# Licence to drive in abu dhabi



## BoroRich

Hi all.

There is a chance that I may be moving out to Abu Dhabi soon to work. I was wondering if I can drive on my UK driving licence or will I need to apply for one out there. Thanks


----------



## Elphaba

As soon as you arrive you can drive a hire car with your UK licence, provided you have an International Driving Permit (even if the rental company doesn't ask for it). You can get one in the UK from major Post Offices and from the AA. 

As soon as you have your residency visa in your passport you must convert your UK licence to a UAE licence, If you have a UK passport and a UK licence it's a simple matter of some paperwork.


----------



## Waterflow

*Easy*

Take your UK licence and GO to taffic department ( Al moror street - 27th street ) .and they give you a UAE licence


----------



## AlexDhabi

Not quite that easy. You need these:
1) Residence visa
2) UAE ID card
3) Official translation of your licence 
4) Original UK licence
5) Money (sorry I can't remember how much)
The UAE driving licence is valid for 10 years and they don't take your UK licence.


----------



## Chiryu

Can they do the translation at the same place or do I need to take it to a specific place?

If so, anyone recommend a place? I'm going to have two toddlers in tow when I venture down to exchange my licence so need to be as prepared as possible to make it as hassle free as possible. If hassle free exists here that is!!


----------



## AlexDhabi

Official translation offices are small offices in several different places usually on back streets of the down-town area. If you go to a "typing office" they will direct you to one nearby if they can't help you. They are all small businesses (no great ones I can recommend). 
Hassle free? Unfortunately that is not possible. But your (or your partner's) employer's PRO can usually also help direct you as well.


----------



## Roadworrier

AlexDhabi said:


> Official translation offices are small offices in several different places usually on back streets of the down-town area. If you go to a "typing office" they will direct you to one nearby if they can't help you. They are all small businesses (no great ones I can recommend).
> Hassle free? Unfortunately that is not possible. But your (or your partner's) employer's PRO can usually also help direct you as well.
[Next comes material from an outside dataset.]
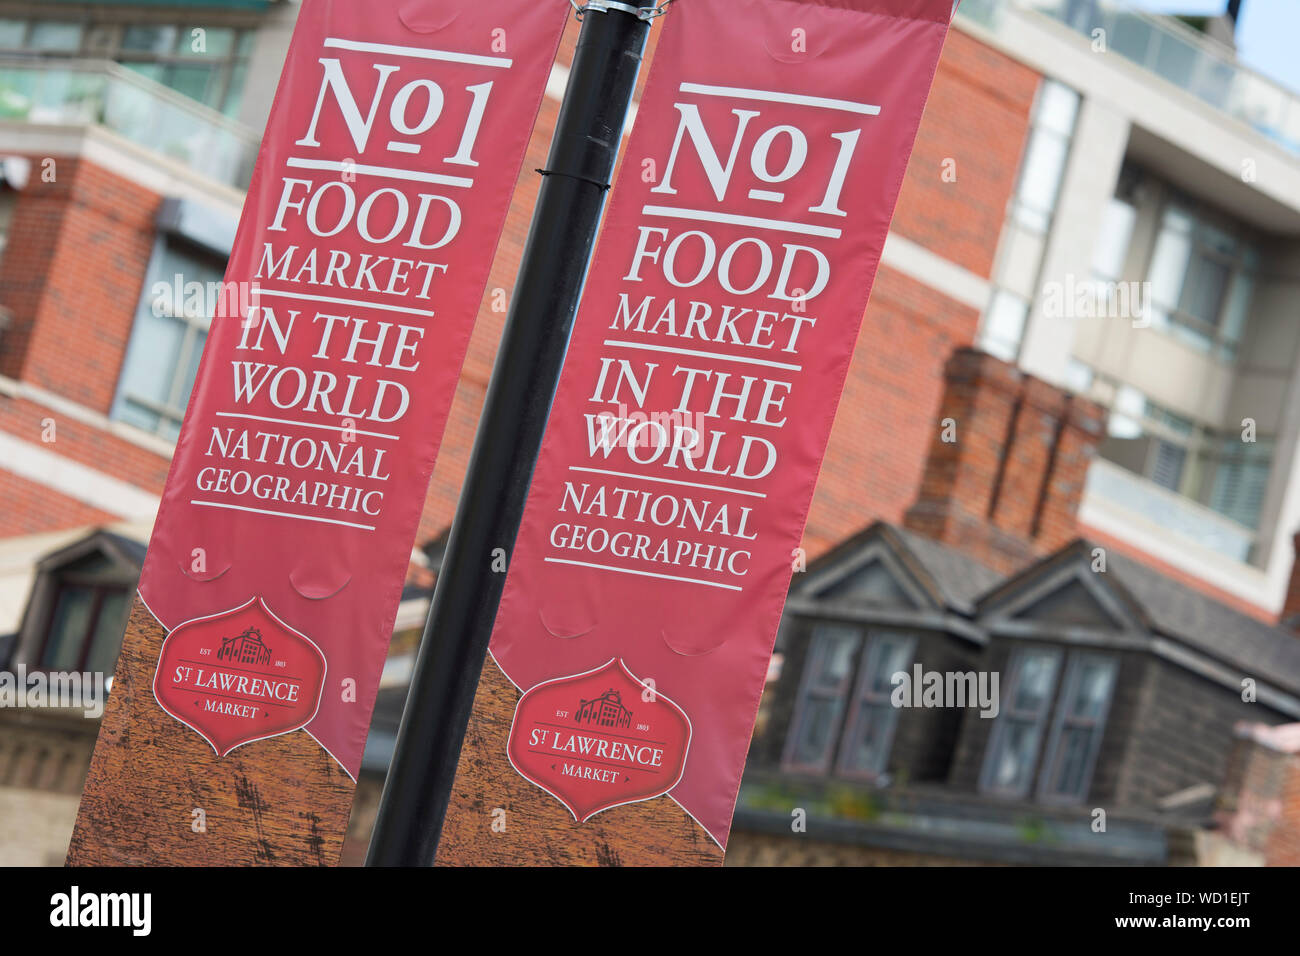 St. Lawrence Market Sign, Banner, No 1, Food Market in the World, Toronto, Ontario, Canada Stock Photo

If you go to the Police Licensing office they have a translator and copy place all in the same building, along with an ATM, the eye examination room and a small sandwich shop while you are waiting for your number to be called. it took me under 90 minutes to get my number, take my Virginia license to get translated, eat a sandwich, get my eyes examined, pay the fee, get my picture taken (ironic since you have to bring a passport-size photo), and get my license.


----------



## Chevy105

Will you need both parts of your UK licence. I have my photo card but am hunting for the paper section at the moment!!


----------



## Paraguanero

Dear Friends,

Cheers to everyone!!!

I am new in this forum, this is my first message from now on I will be annoying you   with some questions, cause I am waiting an offer for a long term contract in Abu Dhabi. This would be mi first international experience, so I am plenty of doubts. Thanks in advance.

Regarding this thread, once you have your driving license... Is easy buy and later sell an used car?... I won't be able to buy a new car at the first instance because I don't have a credit record in the UAE, so, I'm thinking in buy an used car, basicly to drive my kids to the school and some extra curricular activities. When would be possible, I am going to apply for car loan, I think sell the used car and buy a new one to keep it during my long stay in the UAE.


----------



## GumbaGumba

Hi


If I am not mistaken currently there is not such thing as a credit record in the UAE so as long as you have the money to repay the car you should be okay. The amount t you can borrow will most likely be based on what you earn,

Bea


----------



## Paraguanero

> If I am not mistaken currently there is not such thing as a credit record in the UAE so as long as you have the money to repay the car you should be okay. The amount t you can borrow will most likely be based on what you earn,
> 
> Bea


It's good to know it


----------



## judithbyerly

I've been driving for years and I have heard people drive like nucases in Dubai. It there any laws to decide who is at fault if involved in an accident. Does anyone know what is required to drive a car there? Cost to ship of my cars there, insurance, etc. Thank you all.


----------



## AlexDhabi

First of all, this is for all emirates except Dubai and Dubai has a separate forum.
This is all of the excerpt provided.